Comparisons of Both Methods Obtained under 10-Fold Cross-Validation on GDSC Dataset

Methods Drug-Averaged PCC_S/R Drug-Averaged RMSE_S/R Drug-Averaged PCC Drug-Averaged RMSE
NCFGER

Hybrid 0.81 (±0.11) 1.42 (±0.29) 0.73 (±0.13) 1.18 (±0.24)
Cell-line based 0.76 (±0.14) 1.49 (±0.24) 0.67 (±0.15) 1.29 (±0.21)
Drug-based 0.75 (±0.12) 1.60 (±0.43) 0.66 (±0.14) 1.32 (±0.34)

SRMF

0.71 (±0.15) 1.73 (±0.46) 0.62 (±0.16) 1.43 (±0.36)
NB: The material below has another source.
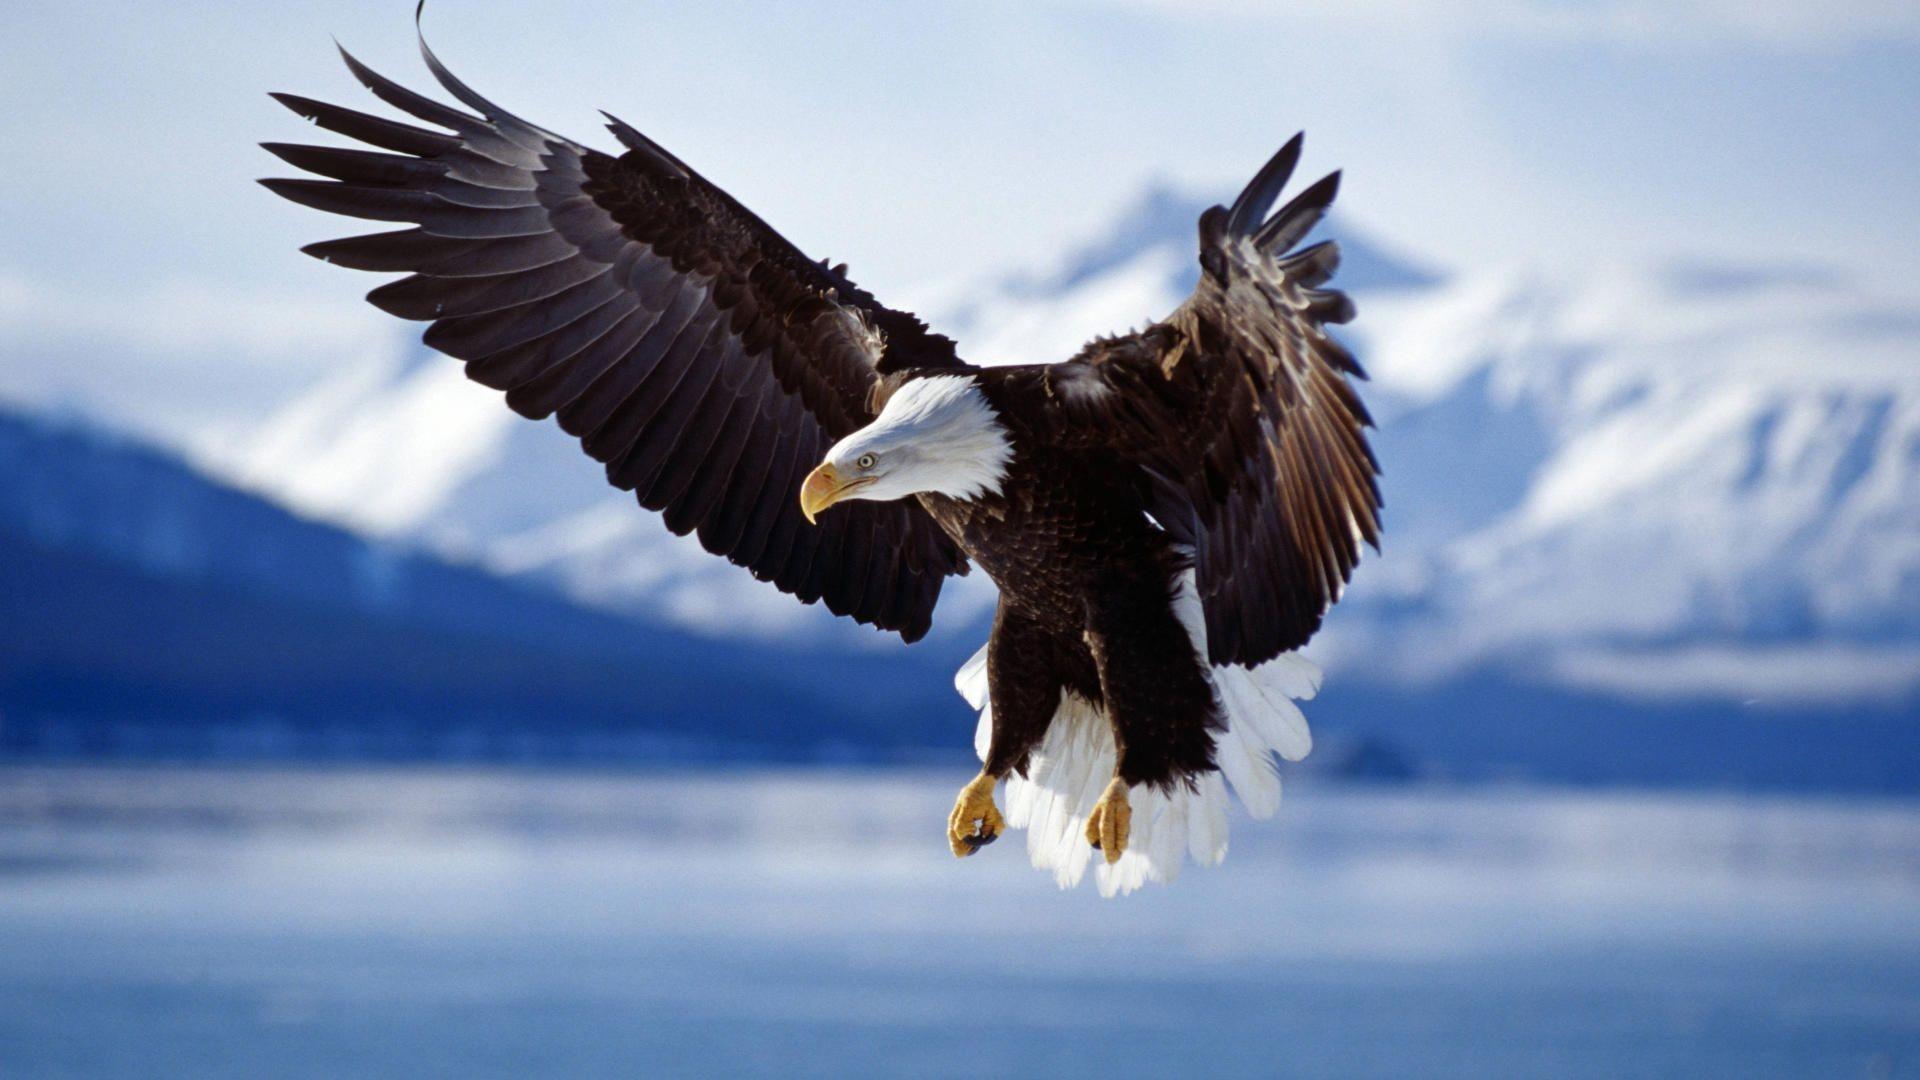 Bald Eagle Alaska Desktop High Quality WallpapersWallpaper Desktop 1920x1080

As shown in Table S3, all NCFGER methods also outperform SRMF in all metrics in the CCLE dataset, and hybrid NCFGER still attains the best performance. The drug-averaged PCC_S/R obtained by our method is 0.89, which is 14.40% higher than SRMF. The drug-averaged RMSE_S/R obtained by our method is 0.47, which is 36.08% lower than that obtained by SRMF.

Considering the results drawn in above, we focused on hybrid NCFGER for further analysis if there was no additional explanation. The cell-line-based NCFGER method depended on the most similar K drugs that had responses in the same cell line, which means the drug structure contributed to the prediction performance improvement from the respect of RS. Since neither cell-line-based nor drug-based NCFGER could outperform the hybrid method, both cell-line gene expression profile and drug structure contributed to the prediction performance improvement. If we only use one part of them, we will miss some information that helps to predict the drug responses.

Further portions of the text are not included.